Thunska's previous films were either documentaries (This Area Is Under Quarantine, The Terrorists) or semi-documentaries (Reincarnate), and Supernatural is his first entirely fictional narrative. Also, his previous naturalistic, hand-held camerawork is superseded by Supernatural's meticulous compositions and stylised lighting.

Supernatural is a science-fiction film (another first for Thunska, who has not previously worked within a conventional genre), imagining Thailand's development over the next century. The film is divided into chapters, each taking place at fifty-year intervals: one chapter, 2060, was screened in isolation last October, just a few days after it was filmed.

Thailand's future is depicted as glossy and sterile, with human interaction replaced by communication with online avatars. (The title, Supernatural, refers to futuristic virtual-reality software.) This is a dystopian future, inspired by George Orwell's 1984, with a totalitarian state ruled by "the Leader".

Like all futuristic sci-fi, Supernatural is also a comment on the present: Thunska's critique of unquestioning obedience is a brave political statement, though the lèse-majesté law makes a public screening in Thailand unlikely. (The film will not be submitted for classification in Thailand.
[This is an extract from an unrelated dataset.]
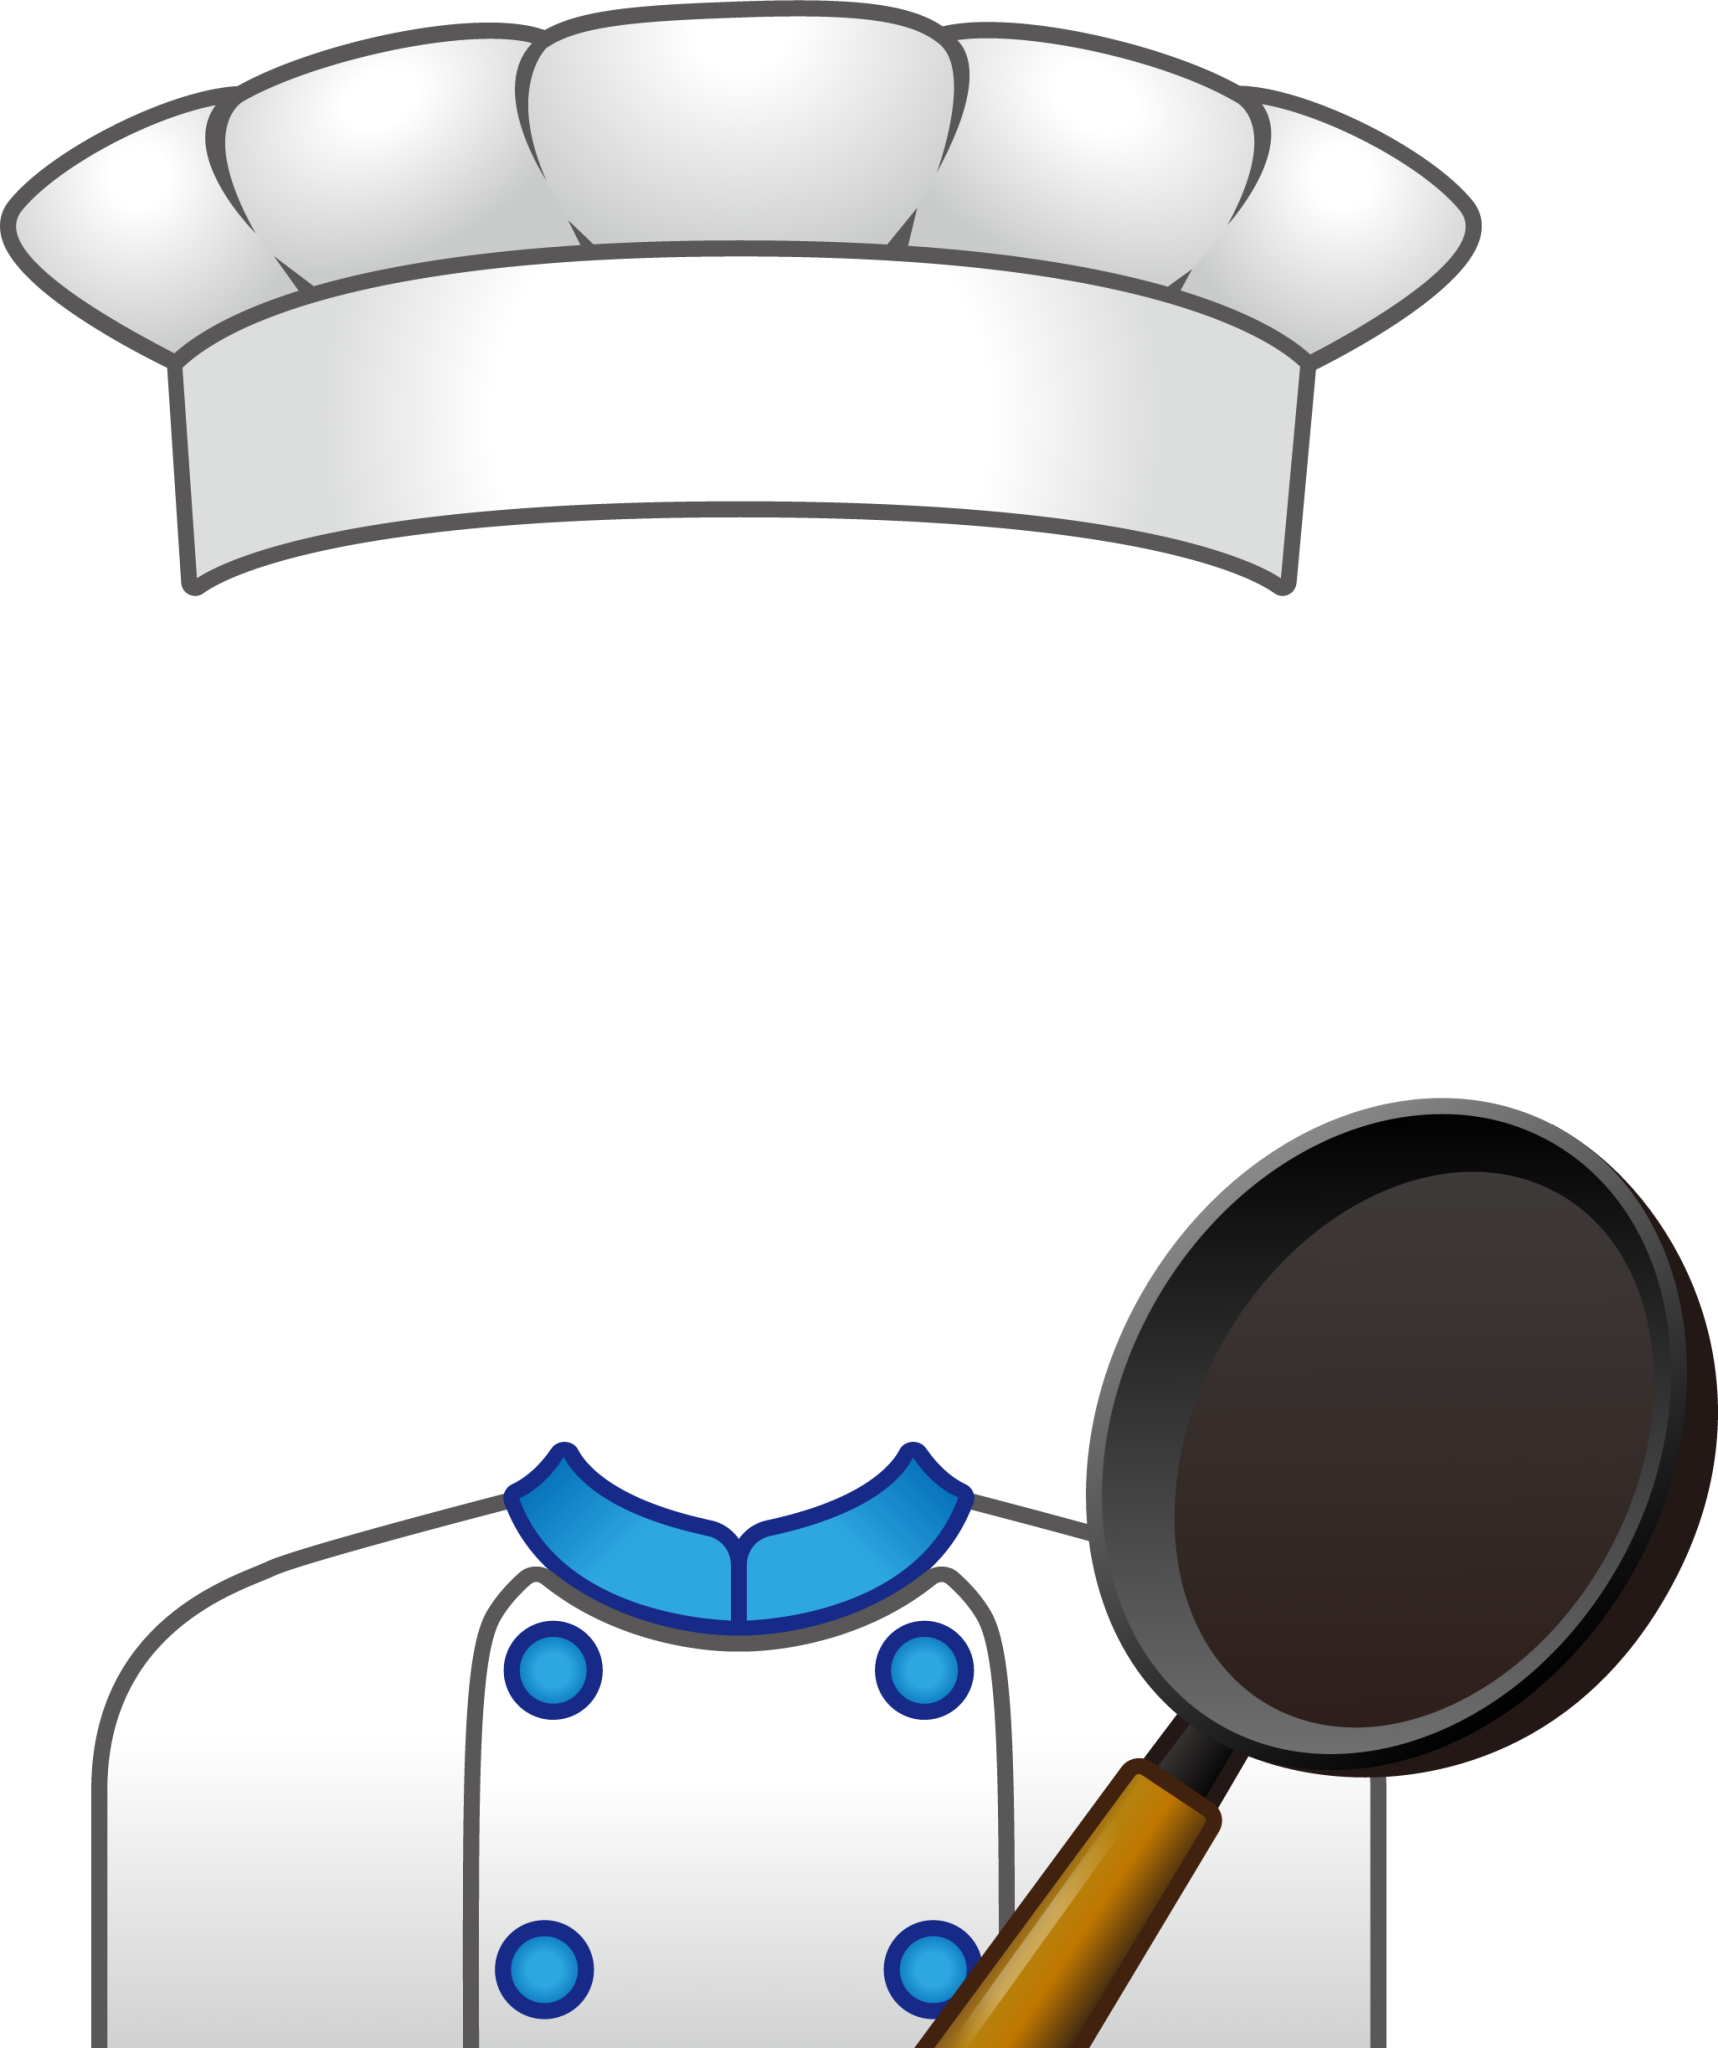 cook emoji

Thunska's This Area Is Under Quarantine was previously refused classification.)

As in The Terrorists, Supernatural directly criticises some of Thailand's military figures (the sanctimonious Chamlong Srimuang and the unrepentant Pallop Pinmanee) for their various crimes. The characters in Supernatural are all gay, though the film (also like The Terrorists) is more political than sexual. There is one brief sex scene, though it's more subtle than Thunska's earlier films.

With a considerably higher budget and a longer schedule than previously available, Thunska has produced a visually stunning film. Almost every scene is beautifully lit and framed, though a sequence featuring a backdrop of multi-coloured spotlights is particularly effective.

Formal compositions, attempted in brief sequences in Reincarnate, are sustained throughout Supernatural. Reincarnate's metaphysical ending is also expanded in Supernatural, as Reincarnate was adapted from an early draft of the Supernatural script. The final sequence, set in a desert, evokes the conclusion of The Tree Of Life.